Woke up to a denim duvet cover this morning... why r guys so tacky?
i was so drunk i stopped mid-blowjob to make sure he i was with my boyfriend and not some random. twice.
just looked at his mug shot... not really my type
just saw a guy driving a atv down the highway in a tux.... only in Iowa...
Restaurants Roasting People Who Gave Them Negative Yelp Reviews (25 Pics)
this is worse than the time i threw up a condom.
Dont worry about getting me anything... Just put a bow on your ass.
Deal.
He sent me a recycled dick pic! He could at least use one without sunlight in it, considering it's 10pm
cops woke me up on the sidewalk and asked where my shoes are.. fuck if i know, im sleeping on the sidewalk! actually i didnt say that, i just cried until they gave me a ride home.
All of my exes are either overweight and neckbearded or dead. Someone out there is looking out for me.
Woman Posts Harassing DMs From Creep Online, Now He’s Upset Because People Told His Mom
I hooked up with Spider-Man on the hood of Santas car. I kept saying that he could shoot his web at me. Also I found Waldo. Overall good night.
I just started the bonfire using a tampon.

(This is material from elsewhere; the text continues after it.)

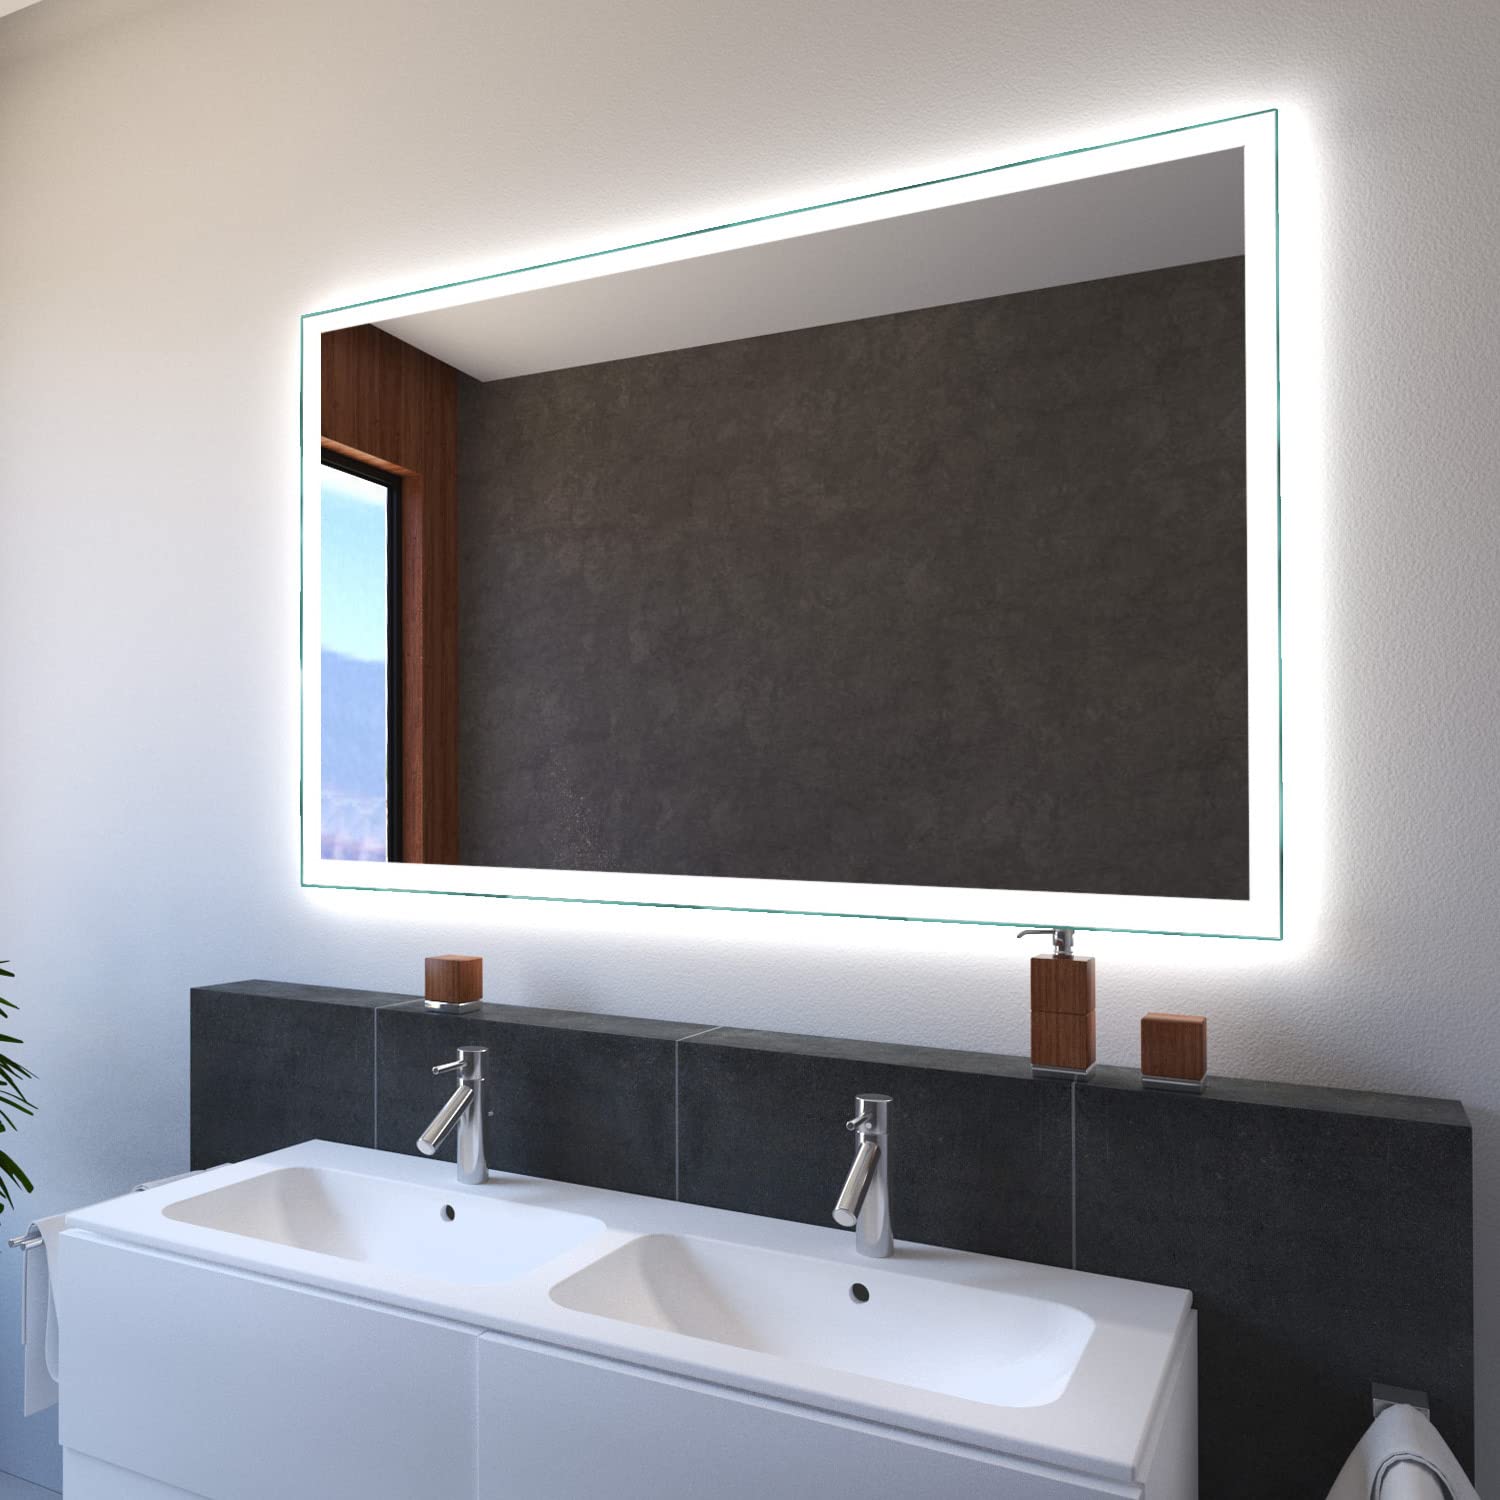 SARAR Wandspiegel mit LED-Beleuchtung 180x60cm Made in Germany Designo MA4110 Badspiegel Spiegel mit Beleuchtung Badezimmerspiegel nach-auf Maß

Who knew they could have multiple uses?
my brother has friends over and I can hear one of them screaming from the basement "BREATHE. FILL YOUR LUNGS. LIVE YOUR LIFE." and it sounds like he's doing some motivational speaking down there but that's actually just how he encourages ppl to take bong hits
Should I give the penis ring toss game to good will or garbage
You really need to stop getting injured so often it's really starting to negatively impact my sex life. Oh and get well soon. . . no seriously though hurry the fuck up.
let me just take this time to thank you again for buying pudding.